IBM researchers are also trying to instill a visual programming paradigm for deep learning. The rate at which the domain of deep learning is growing is faster than the rate at which developers or software engineers can be trained to build applications using deep learning. The company developed a visual programming paradigm using drag and drop interface, and provided a platform agnostic representation for capturing deep learning model design / architecture.

In the labs, IBM is experimenting with expediting the creation of neural nets through Auto-generation of Code from Deep Learning Research Papers.

The Power of Power9 servers

In the more traditional server space, IBM is trying to promote systems based on the Power 9 processor as an x86 alternative.

Google, an early partner in IBM's Open Power initiative, announced it is expanding its tests of Power 9 systems, and hopes to move at least some Power systems into production use this year.

China's Alibaba and Tencent also are testing Power 9. Tencent said Power 9 is delivering 30 percent more performance than the x86 while using fewer servers and racks.

IBM's corporate aim is to win within four years at least 20 percent of the sockets for Linux servers sold for $5,000 or more. IBM's Power roadmap calls for annual processor upgrades in 14nm through 2019 and a Power 10 slated for some time after 2020--leaving room for a possible 7nm chip in 2020, shown two years ago.

Power 9 should do better than its predecessors given its costs, bandwidth and ease of porting. Power 9 is IBM's first to use standard DIMMs, opening a door to other standard components that are overall cutting system costs by 20 to 50 percent compared to the Power 8, IBM's partners said.

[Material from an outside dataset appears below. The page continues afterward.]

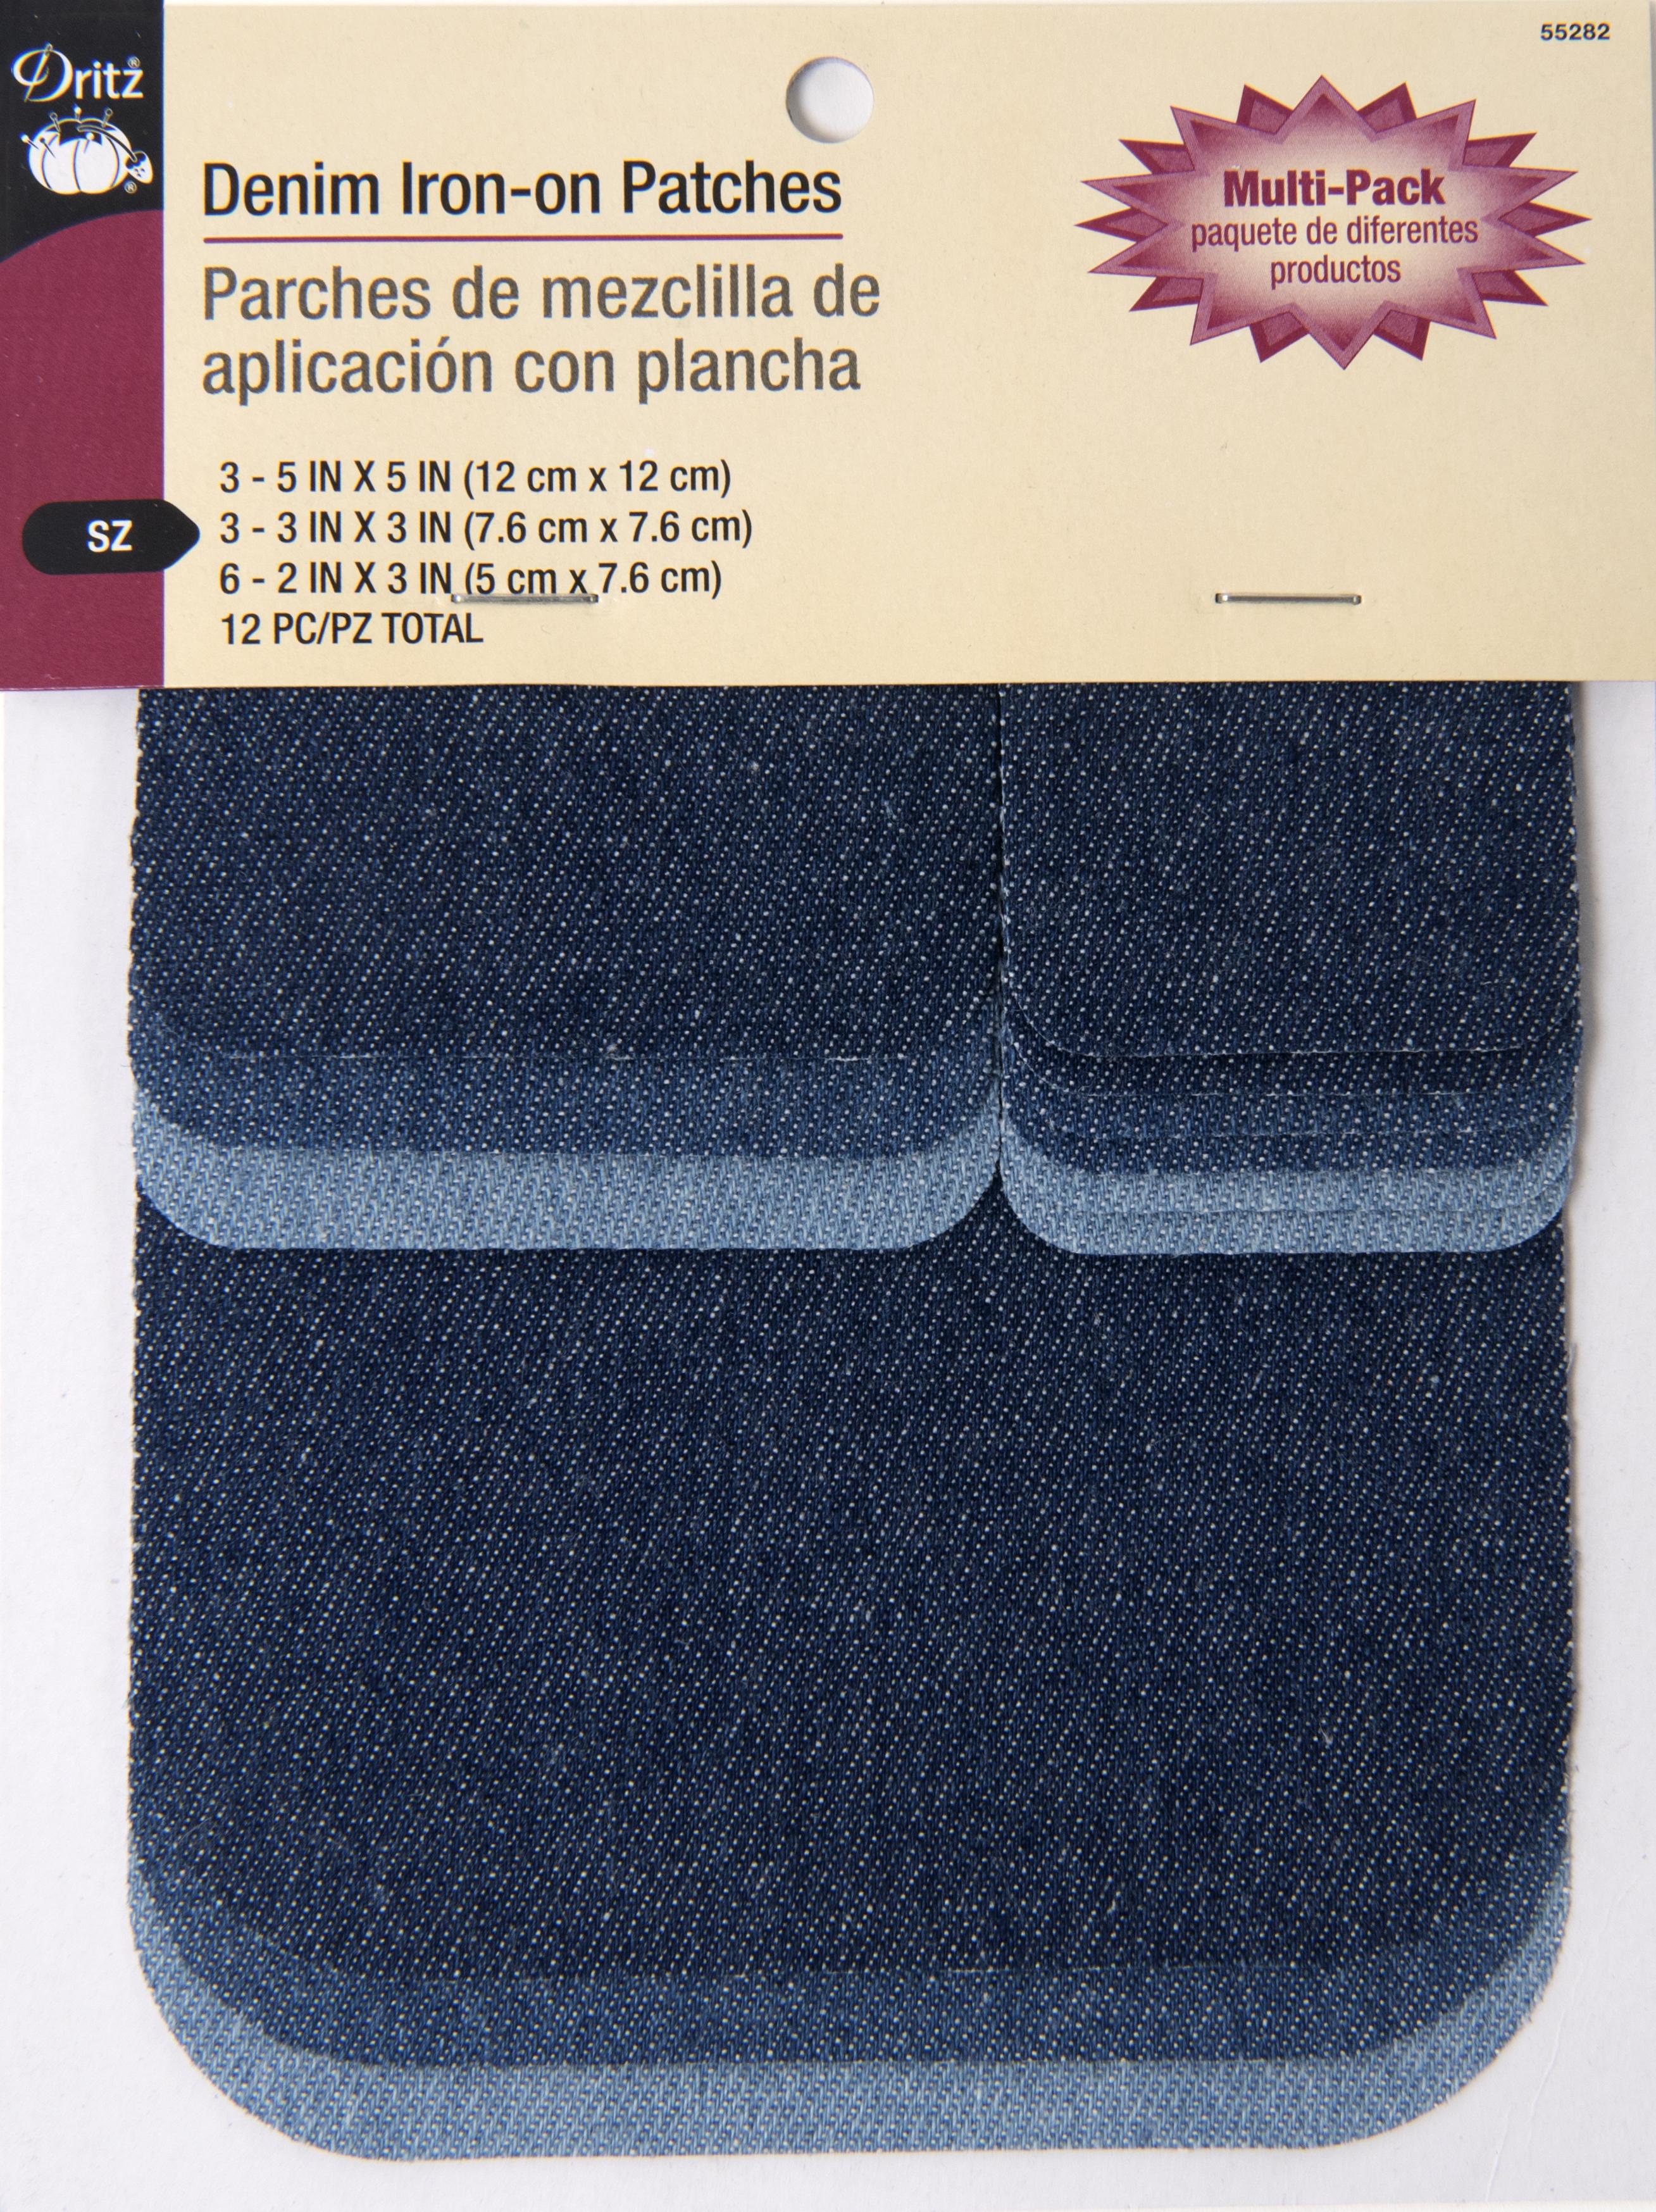 Denim Iron-On Patches-55282

The proprietary NVLink 2.0 that can connect Power 9 to multiple Nvidia Volta GPUs provides a bandwidth edge over the x86. Many of the new Power 9 systems aim to leverage the Nvidia GPU's dominance in training neural networks to win adoption in large data center operators for AI jobs.

One of three areas where Google sees promise for Power 9 is as a superior host teamed up with an accelerator such as its TPU. Power 9 also supports many cores and threads, factors closely tied to performance on Google search tasks, said Maire Mahony, a Google system engineer who serves as treasurer for the Open Power Foundation.